As Twitter's chief marketing officer and head of people, Leslie Berland is responsible for the overall branding of the company as well as maintaining the organization's healthy internal work culture.
Prior to joining Twitter in 2016, the Boston University graduate worked at public-relations for, Ketchum, healthcare communications company GCI Health and American Express, where she served as an executive for more than 10 years. Though she says she's been fortunate to receive lots of great advice throughout her career, Berland says there's one common piece of career advice she wishes more young people would ignore.
"I think it goes back to [chasing] a certain title or a certain role," she tells CNBC Make It. "People often give [young people] advice on how to get a particular job and they skip over the step of, 'Is this job what you want and is it a right fit for you?'"
Rather than believing success is tied to a prestigious position, Berland says young people should understand success is really tied to their passion and the impact they can have on a company. She advises recent graduates not be so quick to say "yes" to a job simply because the title or company sounds good.

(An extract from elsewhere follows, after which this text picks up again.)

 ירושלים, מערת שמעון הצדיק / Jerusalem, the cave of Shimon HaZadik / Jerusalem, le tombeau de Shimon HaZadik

Instead, she says, find a job that "reflects what excites you, what motivates you and what inspires you." That's when, she emphasizes, "you will do your best work."
"I think sometimes people get so tripped up in looking at the next level that they don't look at if the role will fulfill [them]," she says.

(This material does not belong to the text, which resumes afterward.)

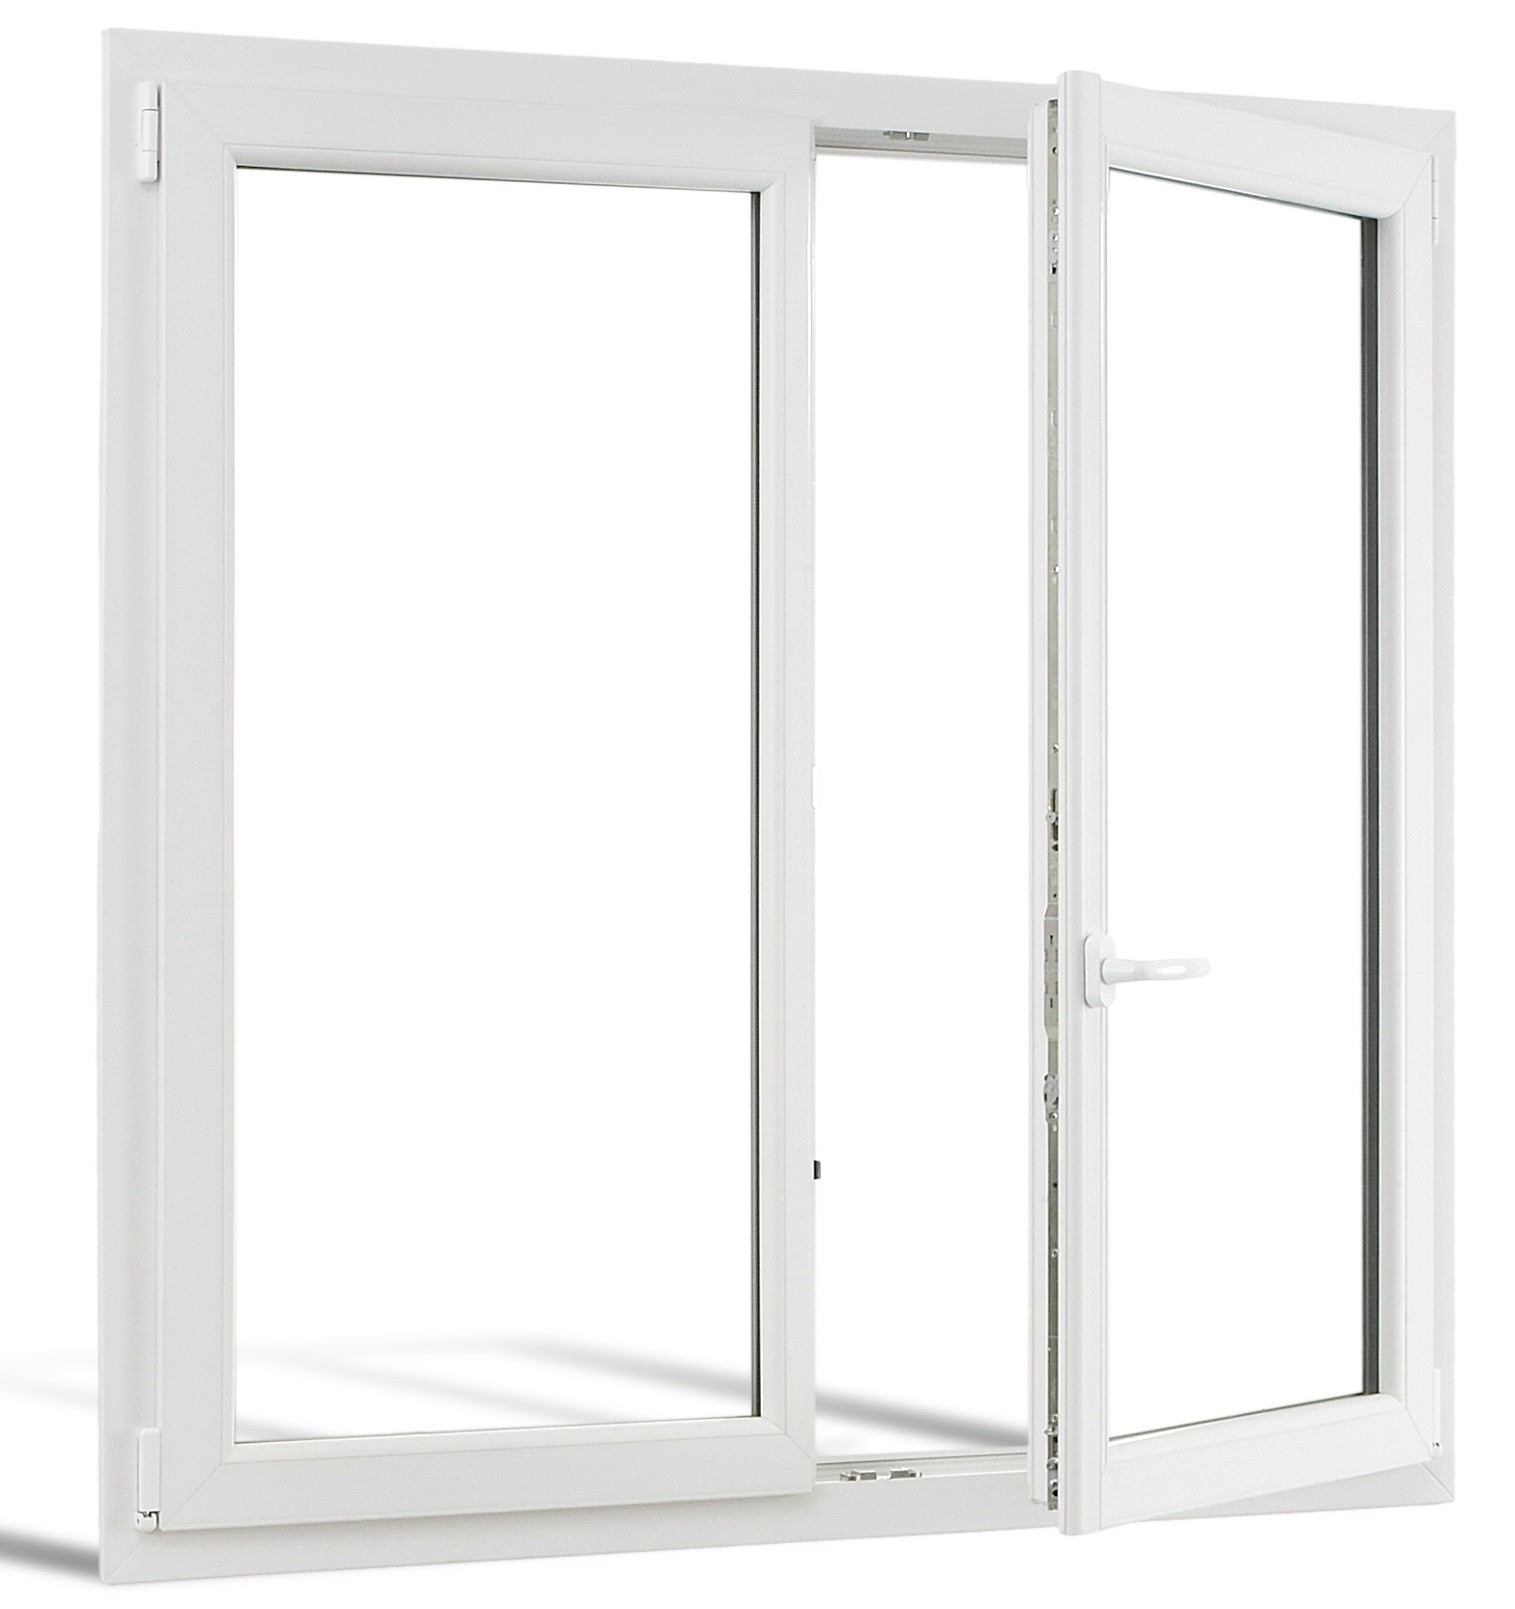 Fen tre pvc grosfilex r f fen tres portes for Fenetre en pvc blanc

In order to see if a job or company aligns with your passion, Berland says young people "should look at the culture of the company, the values of the company and the purpose of the company" before accepting a position. Additionally, she says, ask, "Is this a mission-driven company and does it reflect what I truly care about? Also, can I be myself and really have the impact that I want to make?"
According to recent data from Glassdoor, researching a company's culture ahead of time can actually pay off. In a survey of more than 5,000 adults in the U.S., the U.K., France and Germany, 56% of workers ranked a strong workplace culture as more important than salary. Among U.S. millennials surveyed, 65% said they value culture over pay.